TASK REQUIREMENTS: What you return must match the data below exactly, minus any pictures.

DATA BELOW:
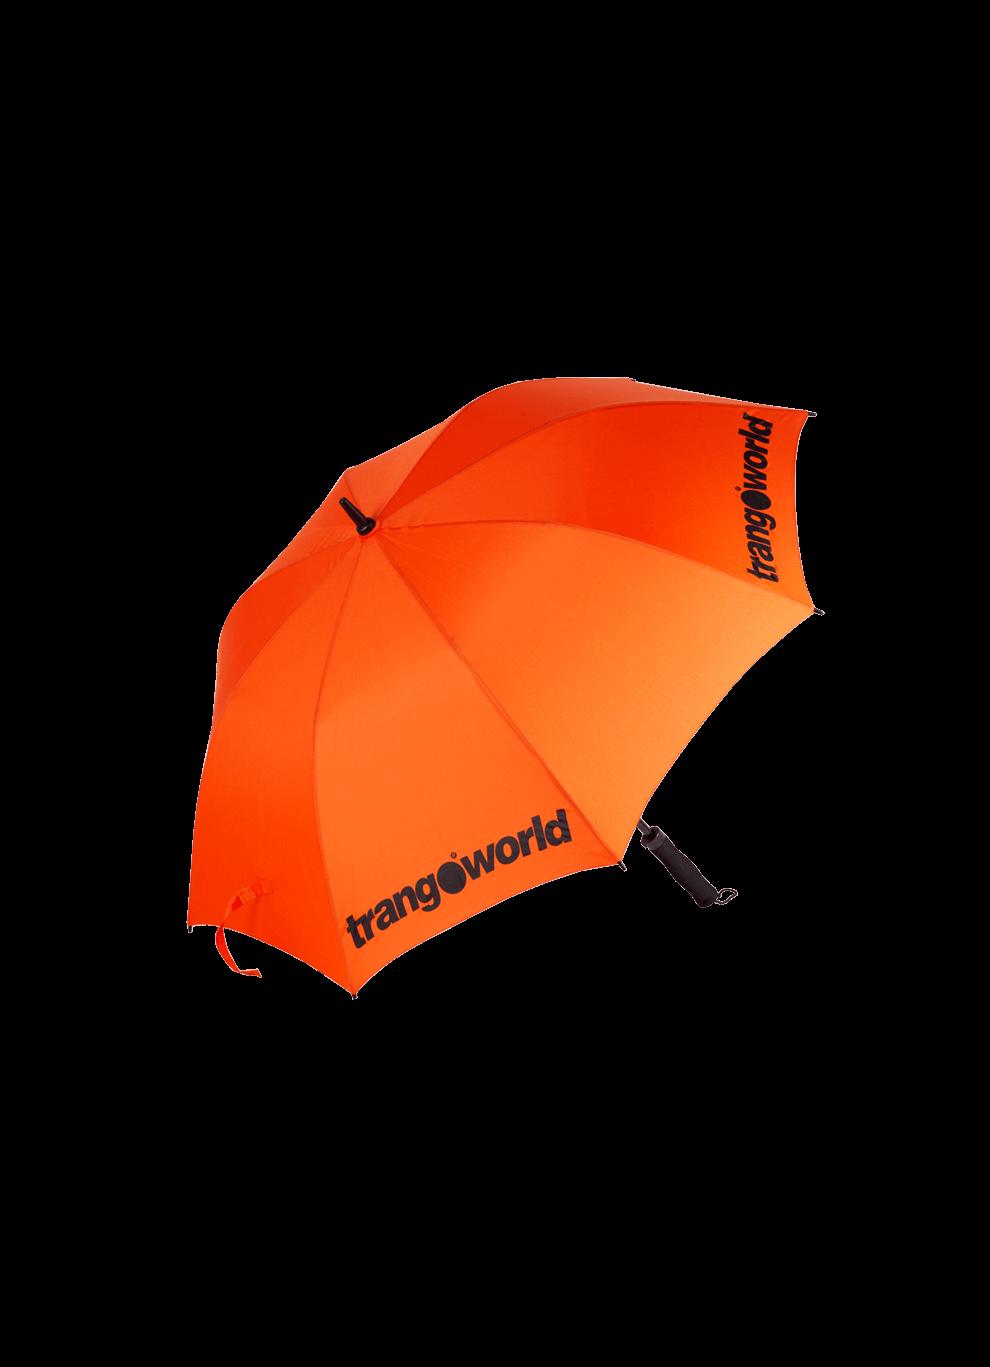 Trangoworld Paraguas Storm naranja/negro
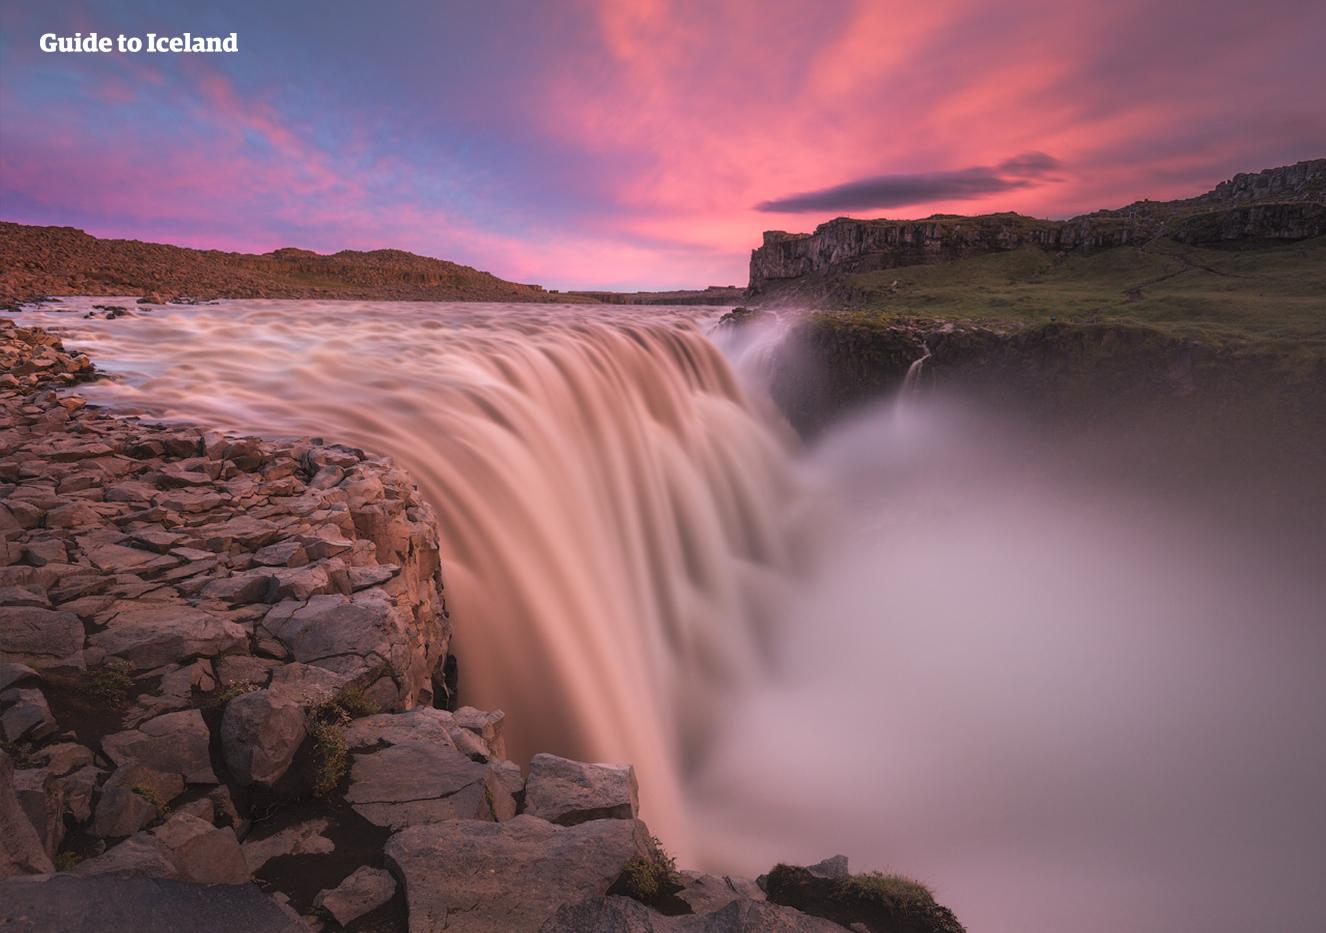 De waterval Dettifoss is een combinatie van pure kracht en absolute schoonheid.
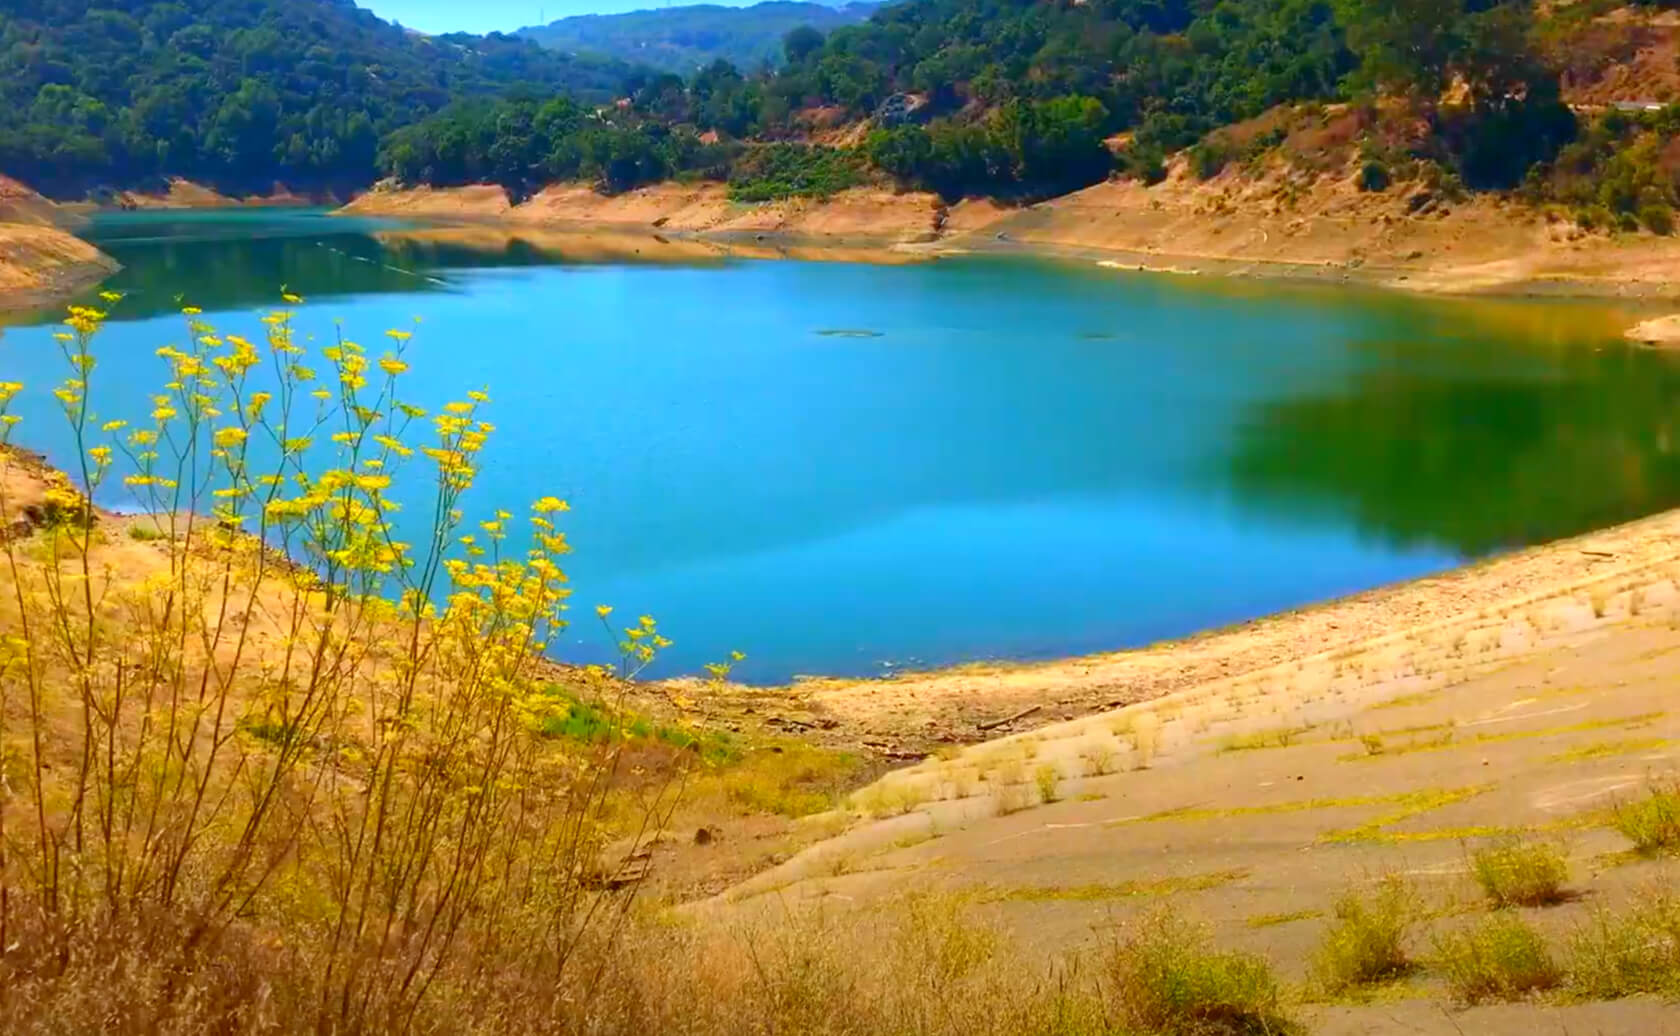 Almaden-Reservoir-Lake-Fishing-Guide-Report-San-Jose-CA-03
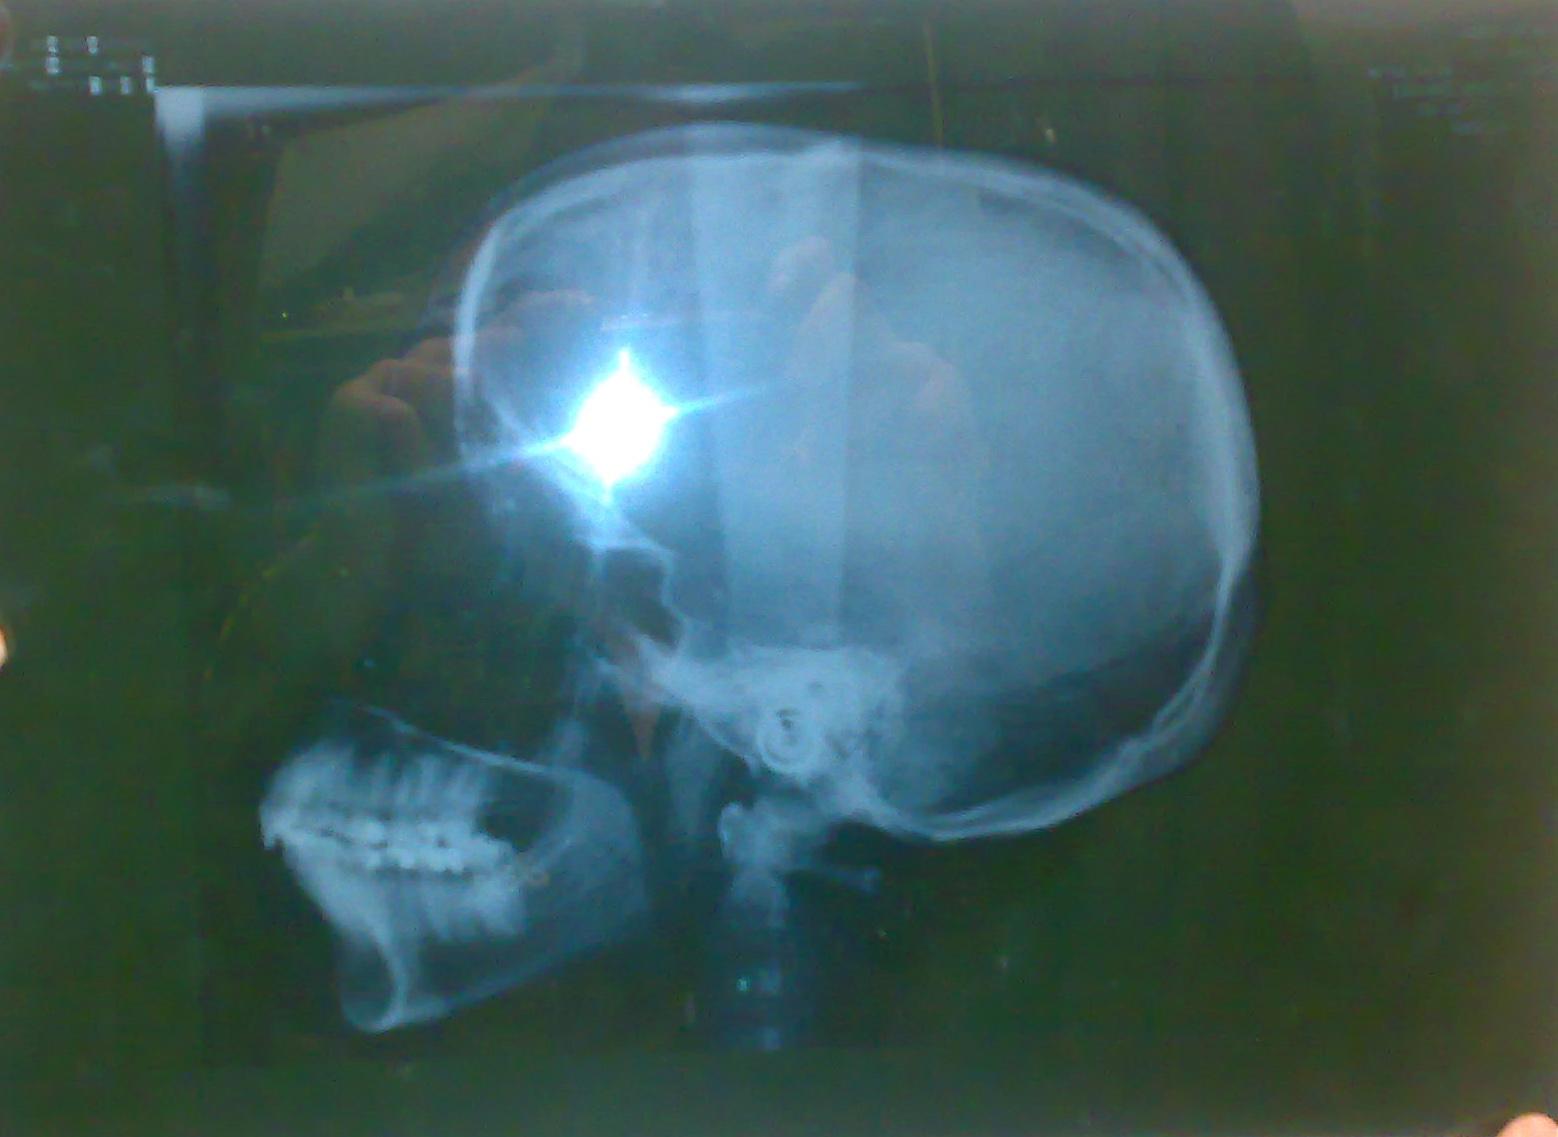 SEGUITO ALLA DOMANDA: Ho 36 anni e sono una seconda classe scheletrica.

PROBLEM SOLUTION:
 Trangoworld Paraguas Storm naranja/negro
 De waterval Dettifoss is een combinatie van pure kracht en absolute schoonheid.
 Almaden-Reservoir-Lake-Fishing-Guide-Report-San-Jose-CA-03
 SEGUITO ALLA DOMANDA: Ho 36 anni e sono una seconda classe scheletrica.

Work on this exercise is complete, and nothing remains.